Capitalisation boursière active des actifs du monde réel, en USD. Source : DéfiLlama

La décision stratégique d'Ethereum de donner la priorité à l'évolutivité de couche 2 via des cumuls a été en partie qualifiée d'échec, car des chaînes concurrentes comme Tron et Solana sont actuellement en tête des frais de réseau. Quelle que soit la façon dont les critiques jugent la décision de subventionner les coûts de déploiement, aucun « tueur d’Ethereum » n’a réussi à égaler sa valeur monétaire. Même Hyperliquid, qui connaît un grand succès, conserve un TVL relativement modeste de 1,5 milliard de dollars.

Blockchains classées par valeur totale verrouillée, USD. Source : DéfiLlama

Vitalik Buterin, co-fondateur et architecte principal d'Ethereum, a récemment exprimé son intention de réduire la dépendance à l'égard des cumuls en ciblant l'évolutivité de la couche de base. Selon Buterin, les changements proposés incluent la vérification des blocs parallèles, l'alignement des coûts du gaz sur le temps d'exécution réel et la mise en œuvre d'une machine virtuelle Ethereum sans connaissance (ZK-EVM).

Ces mises à jour seront mises en œuvre progressivement. Buterin recommande qu'une minorité du réseau participe dans un premier temps avant de passer à des systèmes de confirmation de bloc obligatoires reposant sur ZK-EVM. De plus, Ethereum maintient une feuille de route claire pour naviguer dans l’ère de l’informatique quantique, qui comprend des signatures de couche consensus basées sur des systèmes de preuve axés sur la confidentialité.

En rapport: Pourquoi les institutions préfèrent toujours Ethereum malgré des blockchains plus rapides

Buterin a admis que les signatures résistantes quantiques sont nettement plus grandes et plus difficiles à vérifier, notant que les solutions basées sur les réseaux sont actuellement inefficaces. Par conséquent, la solution proposée implique de corriger la signature récursive au niveau du protocole et l’agrégation de preuves tout en développant des précompilations mathématiques vectorisées pour réduire les coûts de gaz. Bien que le réseau Ethereum ne soit pas encore parfait, il existe une voie viable d’évolutivité.
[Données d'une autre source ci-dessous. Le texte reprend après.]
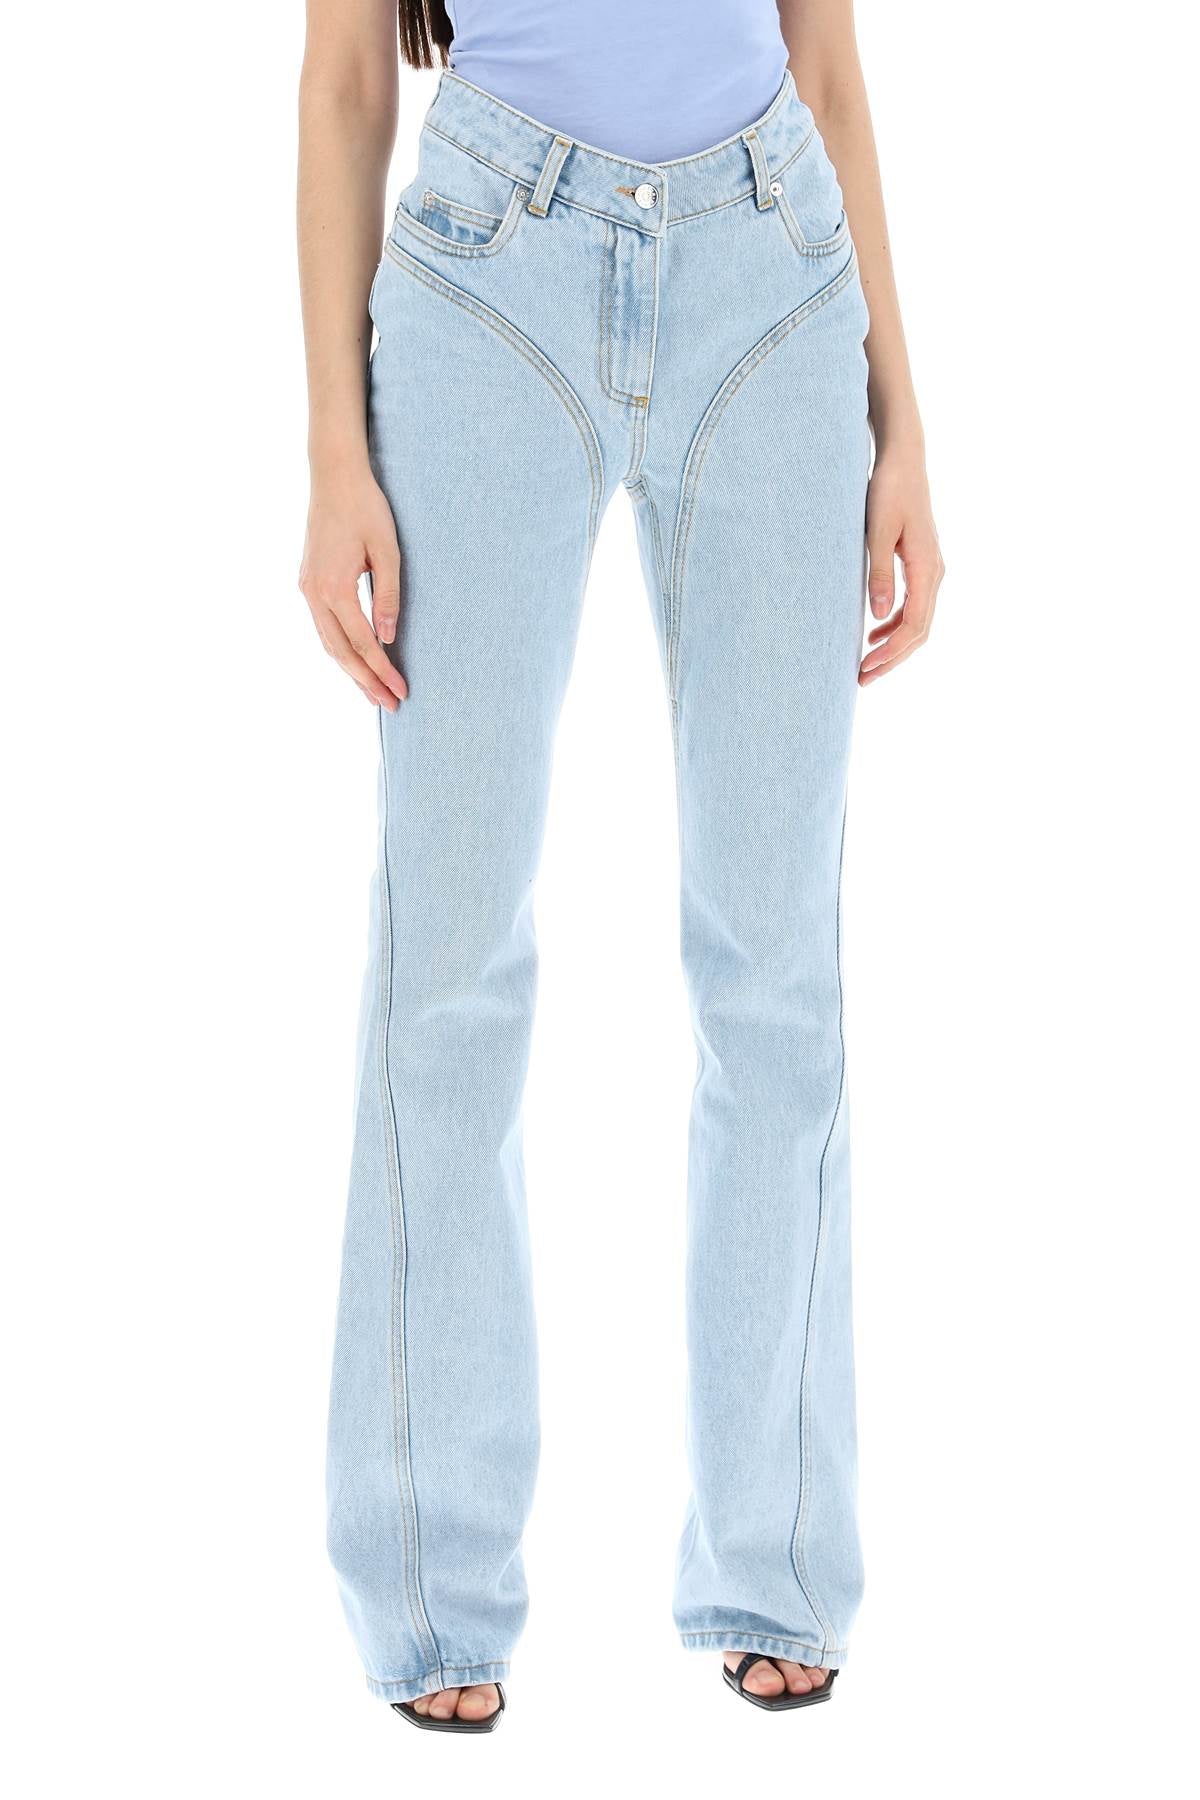 MUGLER Fitted Flared Jeans with Iconic Contrast Stitching

Avant de considérer l’ETH comme un échec, il est nécessaire d’analyser ce qui a fait le succès du réseau par rapport aux blockchains concurrentes axées sur les DApp. La décentralisation et la confiance nécessitent des années, voire des décennies, pour s’établir. L’ETH conserve un avantage significatif en tant que premier arrivé et semble bien placé pour capter une future augmentation de la demande d’activités onchain de niveau institutionnel.